Deputies will be aware also of my recent appointment of a review group chaired by Dr. Michael Dargan to examine the feasibility of giving autonomy to the telecommunications service and how the postal service could be modernised.

In relation both to the immediate issue of the engineering productivity claim and the improvement of staff-management relations generally, therefore, I would ask the House to accept that I, for my part, and my Department have done everything possible to bring about the industrial peace and stable relationships so necessary if the Department are to provide a proper service to the public. Indeed Deputy O'Leary professes to be very concerned about the provision of a solution to this problem. I might say that that contrasts strangely with his inactivity in relation to it during the four years it was in hands while he was Minister for Labour.

It is hopeless to hear a Minister talking like this when we are faced with such disruption.

As the House is aware, I am normally a calm and patient man but this attempt by Deputy O'Leary to make political capital out of the predicament in which the executive of the union concerned find themselves is enough to make even me lose my patience.

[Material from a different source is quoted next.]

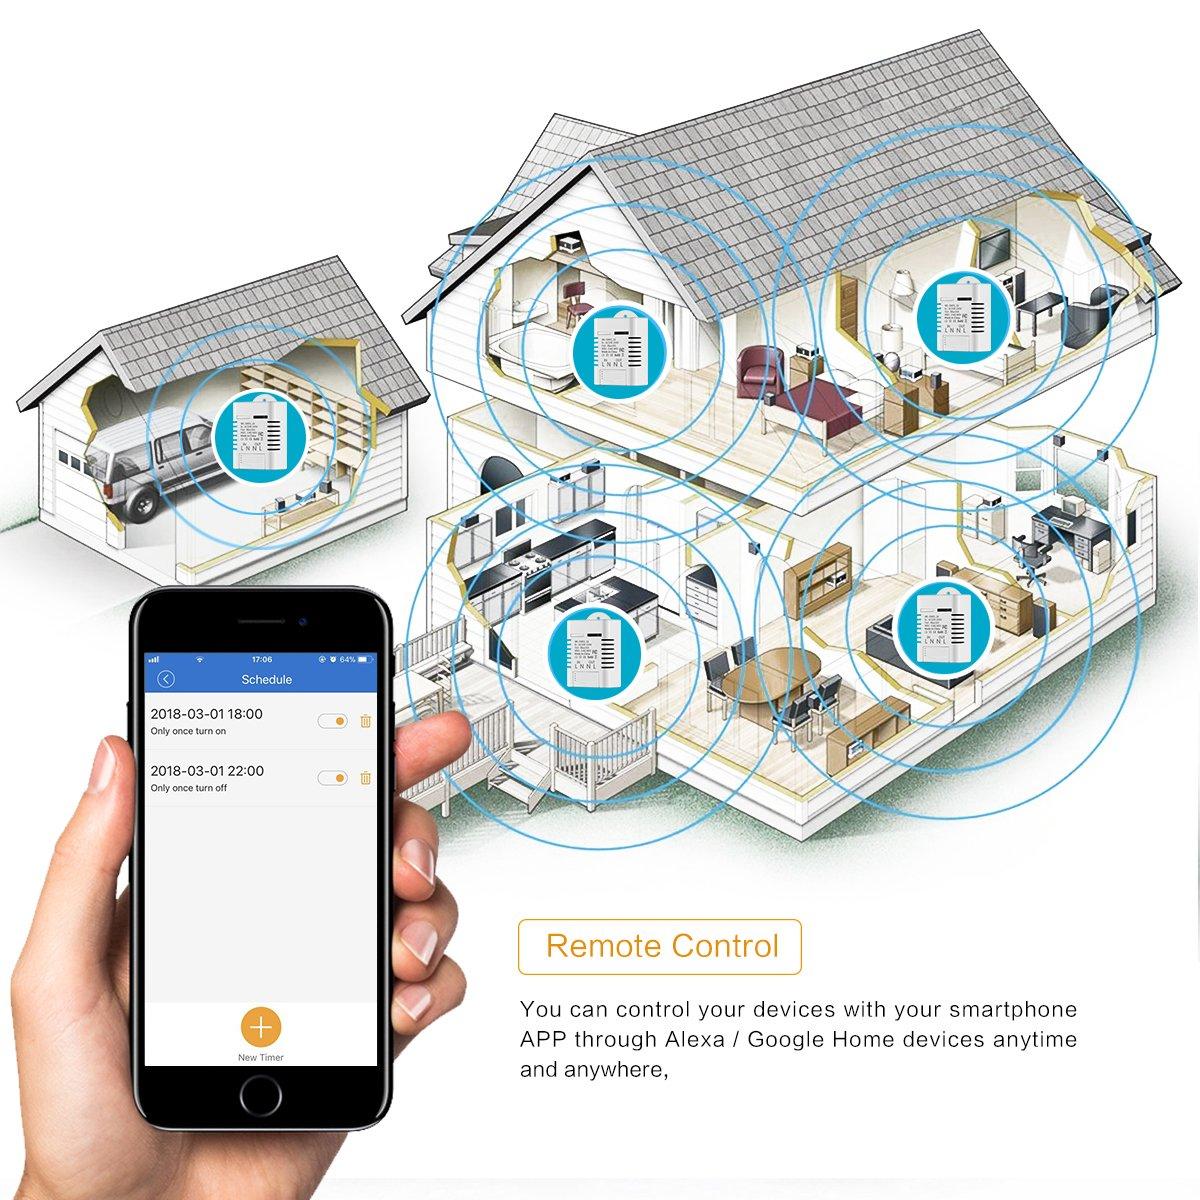 16A ONEVER Sans fil WiFi Smart Switch travail Module avec Alexa Google Accueil minuterie Control vocal distance pour Android IOS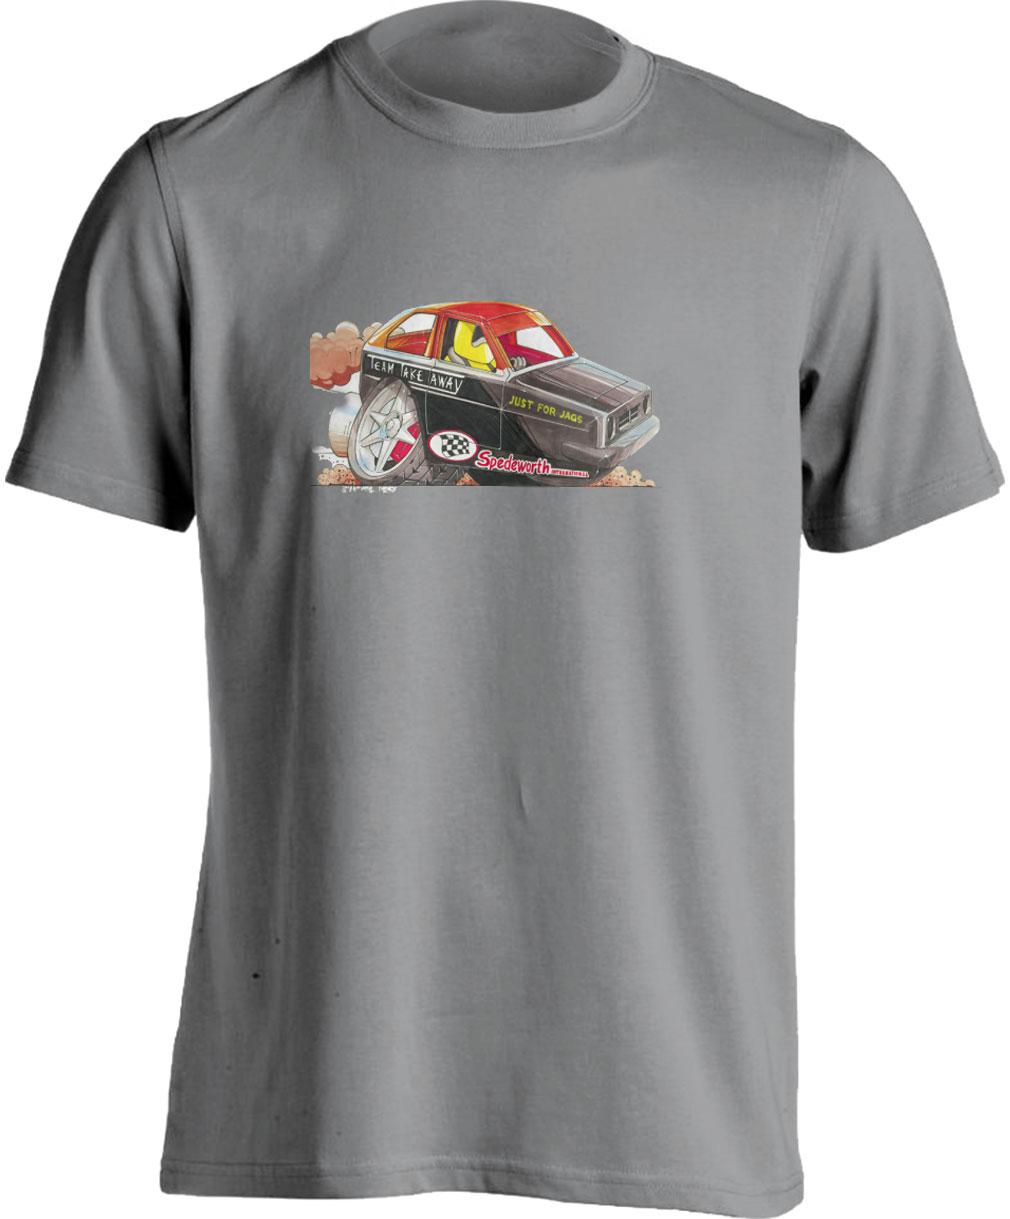 Koolart Robin Stock Car 1305 T Shirt

The spokesman for the executive has been at pains to make it clear that they hope to resolve this matter by further negotiations. Even before they have time to reopen negotiations the Deputy comes in here with a speech designed to make it more difficult for all concerned to reach a solution and to create unnecessary public alarm. Whatever temporary publicity the Deputy may hope to gain from this mischievous effort I have no doubt that the long-term consequences for him will cause him to regret it. I am sure that the House and the country will appreciate that every effort has been made by me to reach a satisfactory solution and that I will continue my efforts.

Will talks commence at departmental level? I still do not know after this discussion here this evening.

The Dáil adjourned at 9 p.m. until 10.30 a.m. Thursday, 26 October 1978.